In the scenario where there are multiple coordinators, you do not need to iterate through all the endpoints. If the query is executed on a coordinator different from the one that generated the query plan, the query plan will be generated again before the query is executed. This incurs double query planning work but does not prevent the query from being executed.

To prevent incurring double query planning work, we recommend session affinity to be set to true when Dremio is deployed with Kubernetes with multiple coordinators. Such that all the TCP connections from a particular client IP will be routed to a specific Dremio coordinator. This is to prevent the query plan to be generated twice. You can refer to the recommendation written in dremio-cloud-tools Github repository: https://github.com/dremio/dremio-cloud-tools/blob/master/charts/dremio_v2/docs/setup/Important-Setup-Considerations.md. Hope this helps.

Thanks for your response.
So the client will always connect to a single coordinator and will read the result from that coordinator end point.
Does that mean

  • The client will always read the streams sequentially from the coordinator end point OR
  • The flight can be internally composed of parallel streams OR
  • The client can read the streams in parallel; if so then how

We have not implemented stream parallelization in Dremio’s Flight Server Endpoint yet, we plan to add this feature in the future though.

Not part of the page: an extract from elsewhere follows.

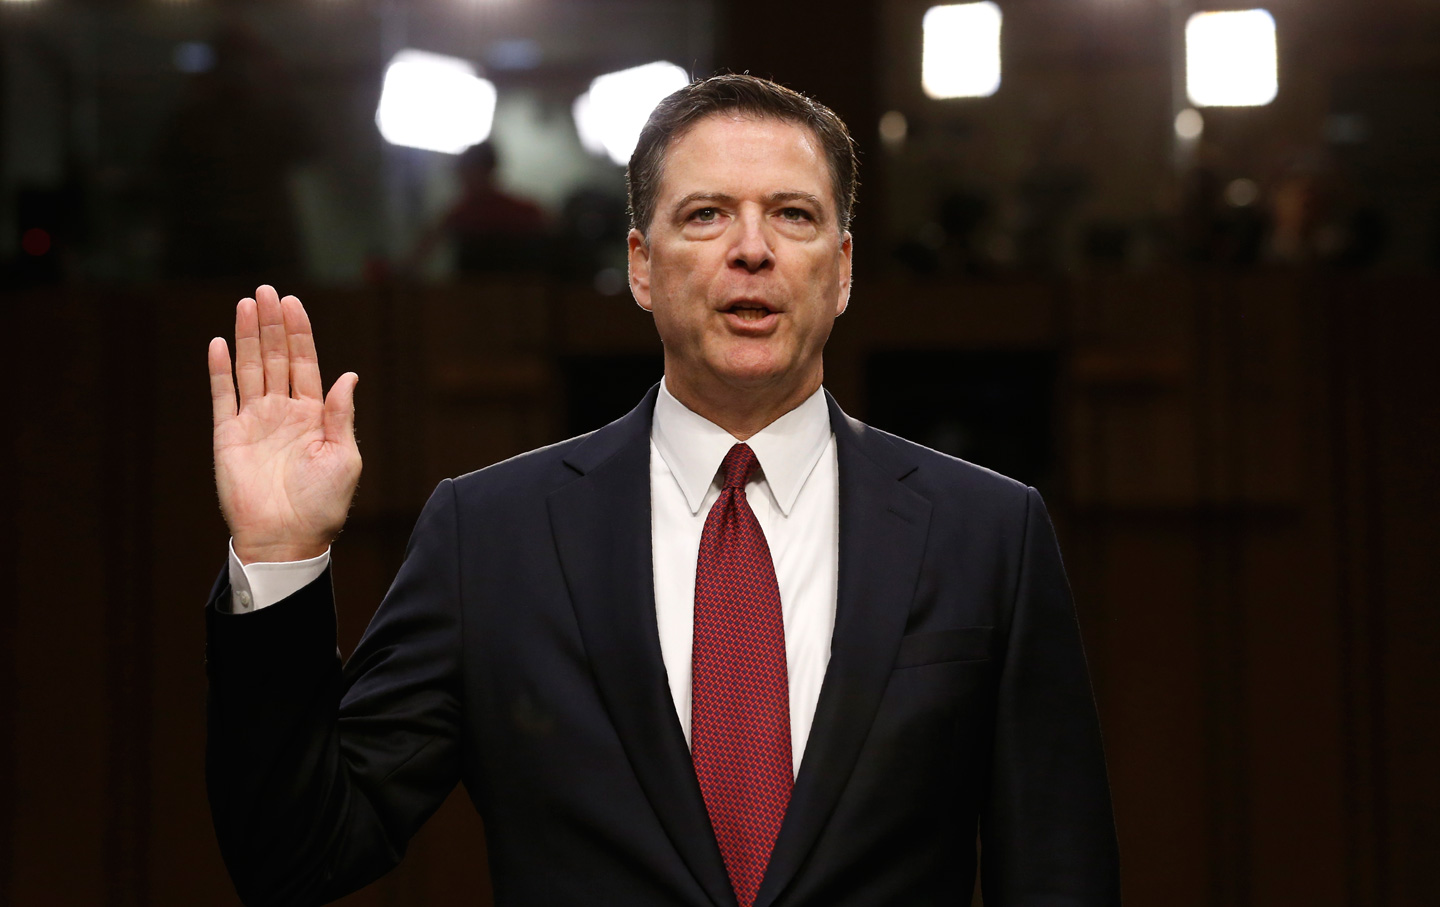 The Poet in James Comey’s Soul

It seems there is some confusion here.
What I understood from your comment is that, we can’t read the streams in parallel from one single end point, this part is clear.

But I was asking for reading the result streams in parallel from different executor locations by the Python client application as depicted in the attached screenshot. Please confirm if this scenario is supported today and if so, I would like to get some additional reference or a sample client program.